Crabbe left the brigadier and closeted himself in his own office. He summoned the company clerk and two hapless lieutenants who'd drawn night duty and set them to work collating all the reports the Dorsets had made on Turkish troop placements. Leaving them to their task, he went to the mess. Two platoons were standing outside awaiting orders. Inside he saw Colonel Perry and two captains studying plans of the native quarter. He managed to leave the building without Perry spotting him and headed for the hospital.

John and Knight were breakfasting on fish and coarse native flatbread in Knight's alcove.

‘Mud fish and sawdust bread?' Knight offered Crabbe a plate.

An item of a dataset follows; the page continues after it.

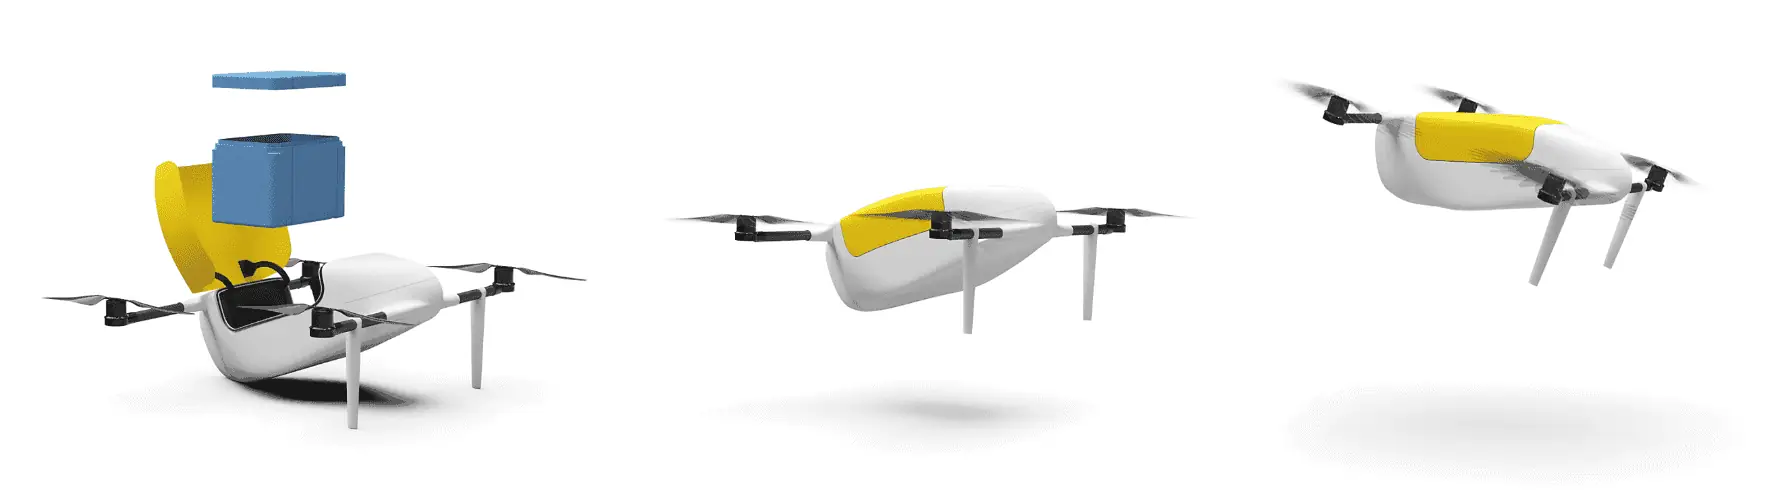 Deldro il drone svizzero per trasporto merci, drone svizzero per trasporto merci

Crabbe's stomach revolted at the thought. ‘Tea would be good if there's any in the pot.'

John poured him a glass.

Crabbe looked at it suspiciously.

‘It's what passes for clean here,' John joked.

‘Thank you.' Crabbe took it and sat on a stool. ‘How's Mitkhal?'

‘Asleep, when I left my room. I think I may have overdone the morphine. The problem is the man's the size of an ox. He fought the effects for so long I kept increasing the dose. What's the flap?'

‘You've heard?'

‘The rumour that wireless didn't stop all night? Hasn't everyone?'

Crabbe looked over his shoulder, checked that no one was within listening distance and passed on the information the brigadier had given him.